October 11th, 2009 · No Comments

In light of his sentences, the defense team of former Peruvian president Alberto Fujimori currently considers presenting his case to the Inter-American Court of Human Rights and the International Court in The Hague.  Fujimori was condemned in Peru for human rights violations and corruption in four trials over the last two years, following his extradition from Chile.

His head lawyer, César Nakazaki, insisted that the magistrates who condemned him were not impartial in their judgments and merely sought to condemn him in each of his trials.  “This is a man who has done a lot for Peru and who faced very difficult circumstances to get Peru out of where it was, and now he is having to answer for everything though that doesn’t make him guilty of everything. He will not die in prison, that wouldn’t be fair,” he said.

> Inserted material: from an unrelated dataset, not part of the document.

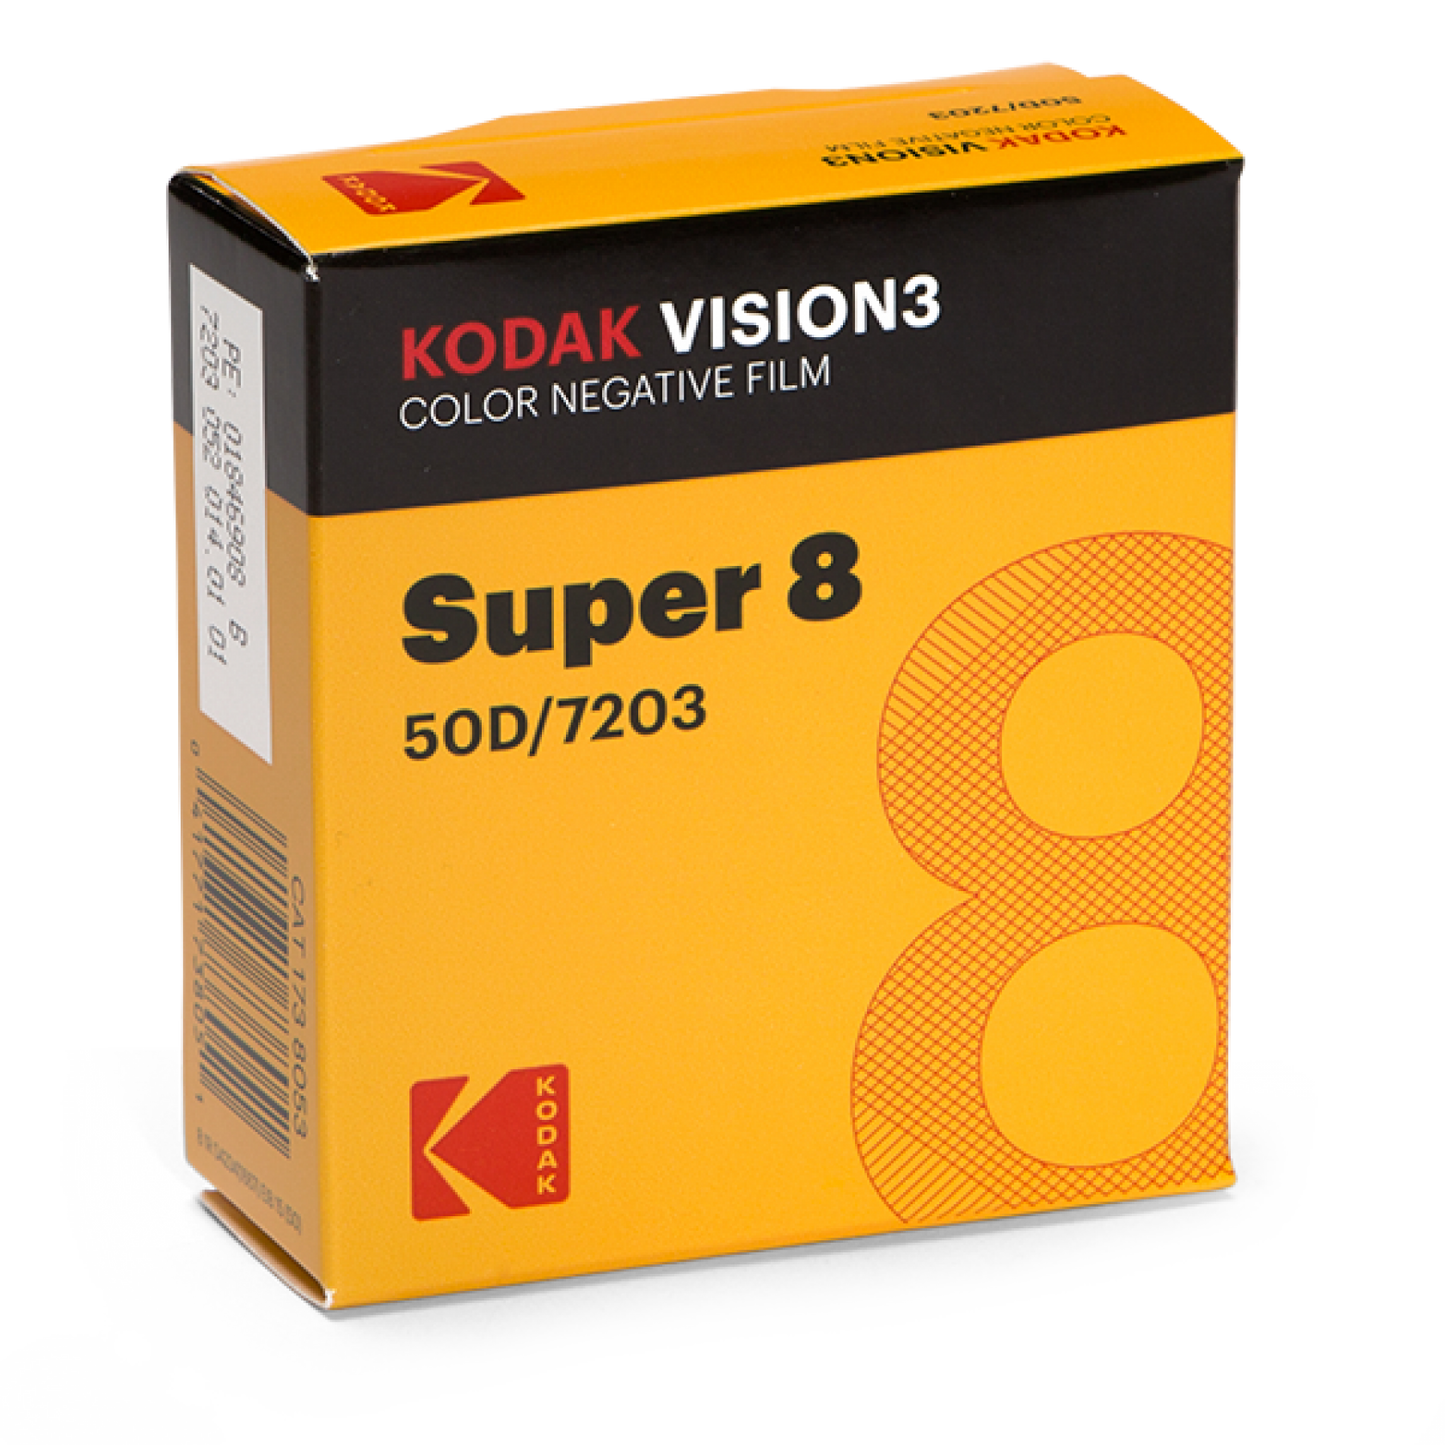 Kodak Vision3 super 8 film - 50D/7203

Fujimori has been convicted four times.  His highest sentence is for 25 years in prison for the murder of 25 people in two secret intelligence missions carried out by the military group Colina during Peru’s internal armed conflict with the subversive group Shining Path.  The other three sentences were for less than seven years in prison and corresponded to charges for corruption and deviation of public funds for the payment of US $15 million to his former intelligence advisor, Vladimiro Montesinos, and for illegally bribing congress members and the media.  In these last cases, Fujimori declared guilty, though he disagreed with the sentences issued.  

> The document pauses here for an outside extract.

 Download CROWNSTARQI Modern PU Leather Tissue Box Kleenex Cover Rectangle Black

Challenging these sentences in international courts is the final phase of Nakazaki’s defense.  “The Court in The Hague is always a possibility,” he said, adding that this would mean a greater cost that the Fujimori family may not be able to assume.

Nakazaki believes that the Judicial Power has applied the full force of criminal law against Fujimori.  “[The law applied] does not seek to justice but to annihilate ‘fujimorismo’ [the pro-Fujimori political grouping] as a political movement,” he claimed.

Nakazaki said that this would result in a “legal battle” and asserted that requests for nullification had been presented in the trials.  Additionally, he stated that they would try to petition a writ of habeas corpus against all the guilty sentences before the Constitutional Court.